Work-Life-Balance and Burnout in Female and Male Hospital Doctors

As women continue to carry a larger part of the responsibilities regarding housekeeping and childcare, it is not surprising that they generally find it harder to achieve satisfactory levels of work-life-balance in occupations that are generally associated with long working hours such as medicine. A recent survey study looked at how the perception of hospital doctors’ work-life-balance was related to burnout and intentions to quit their job and how whether this depended on gender.

The author found that work-life-balance was the most important predictor of burnout and that support from superiors and co-workers as well as working in a family friendly environment significantly lowered burnout. Interestingly, support from co-workers was the most important factor for female doctors, whereas support from one’s superiors and working in a family friendly work environment was more important for male doctors. Similarly, work-life-balance and support for co-workers were related to female but not male doctors’ intentions to quit, while working on a rota working pattern was predictive of male but not female doctors’ intentions to quit. Overall, women also reported higher levels of burnout.

This is interesting, as it shows that reducing burnout and retaining skilled doctors, might be achieved quite differently for men and women. It also shows that the fact that women are still responsible for the majority of domestic tasks is reflected in their higher need for a work-life-balance and that this issue needs to be addressed, both at and outside of the workplace.

Gender and Mentoring in Medicine

Mentoring is an often quoted path for career success in medicine and other careers alike and there are some studies that corraborate this idea. A study by Stamm and Buddenberg-Fischer investigates this notion in the field of medicine using a Swiss sample.

In their longitudinal study they examined the influence of mentoring during specialist training and found that, indeed, having a mentor and receiving psychosocial support from a mentor during this time was related to higher career success both in objective measures such as such as academic advancements and subjective measures, as well as career satisfaction. Receiving career support from a mentor on the other hand was related to subjective and objective career success, but not to career satisfaction. With regards to gender, about  60% of men but only about 41% of women reported having a mentor during their specialist training. The authors argue that these issues could and should be resolved by formal mentoring programs. Interestingly, however, their study indicates that gender of the mentor might not be as relevant. Women and men in their study did not differ with regards to the preferred gender of their mentor.

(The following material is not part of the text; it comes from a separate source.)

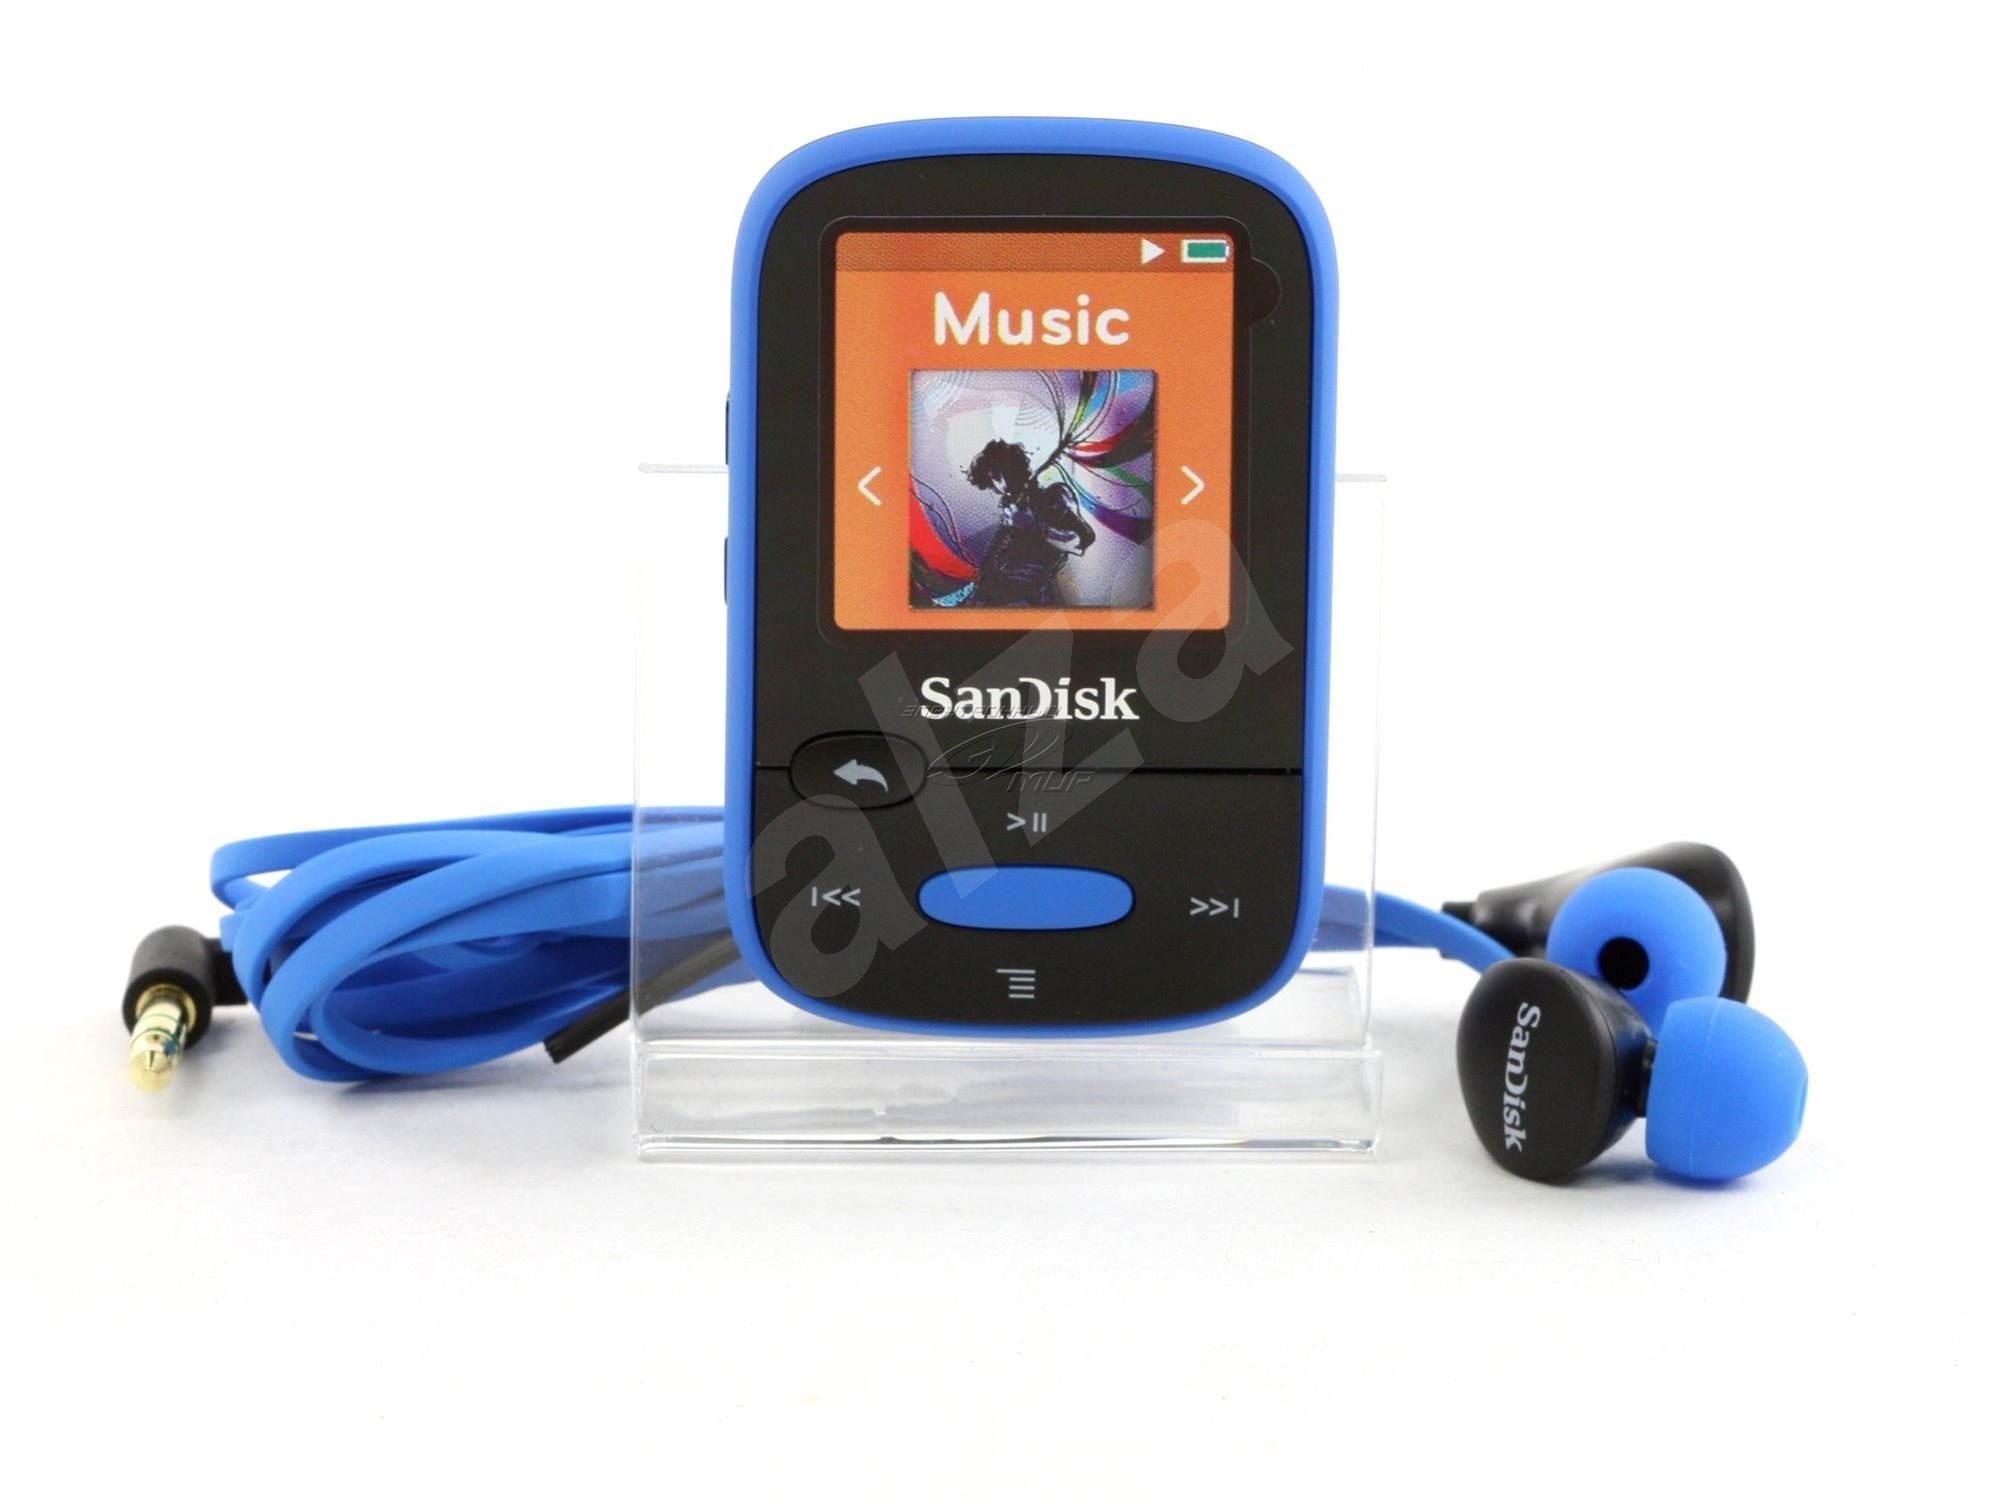 sandisk sansa clip sports 8 gb blau mp3 player. Black Bedroom Furniture Sets. Home Design Ideas

Why Medical Students Choose Surgery – And Why They Don’t

In order to understand why women do or do not go into surgery, it is important to understand what motivates medical students to go into surgery in general. A questionnaire study by Glynn and Kerin from 2010 looked at just that.

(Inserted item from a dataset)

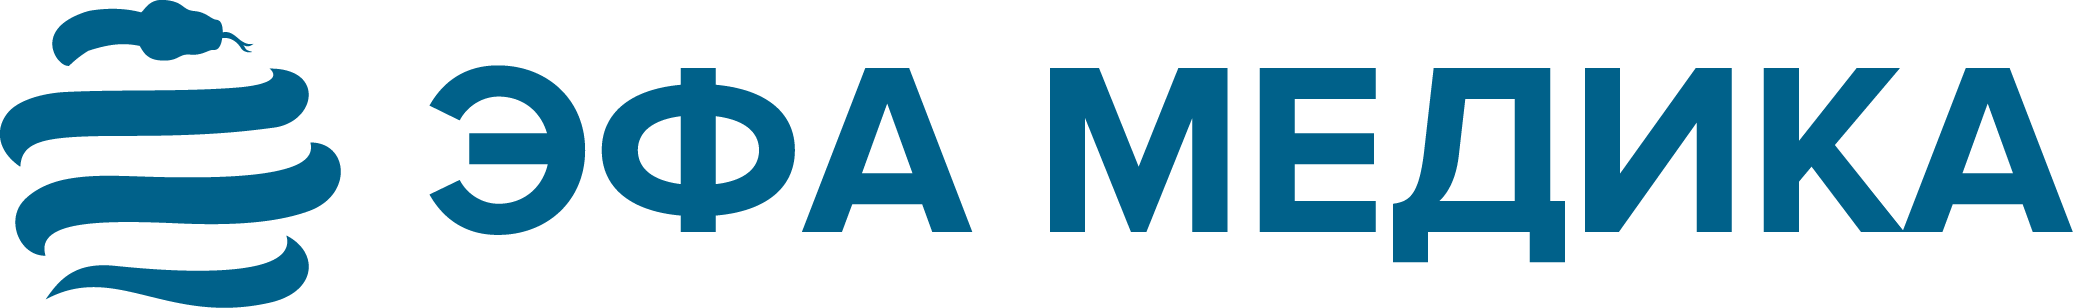 Картинки по запросу ООО «ЭФА медика» логотип

Overall, about 20% of respondents said that they would like a career in surgery. Interestingly, this was true regardless of gender. However, when asked about whether it was likely for them to actually end up in surgery, the number dropped to 13% and was significantly higher for men than women. The most important factors that influenced planning to go into surgery were employment, career opportunities and intellectual challenge. Moreover, prestige was an important factor for those who could see themselves becoming surgeons. Medical students who highly valued their lifestyle during training, on the other hand, were less likely to indicate an interest in a future career in surgery.

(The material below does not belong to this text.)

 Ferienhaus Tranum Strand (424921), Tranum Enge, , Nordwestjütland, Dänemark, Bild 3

But what about women in particular? Well, the authors found that on-call schedules, patient relationships and lifestyle after training were more important for female compared to male medical students. Also, for medical students with medical family backgrounds gender mattered more than for those who did not come from medical families. This is interesting, as it points to the fact that family members might not only work as positive role models who show what is possible, but can rather also strengthen existing gender stereotypes in medicine.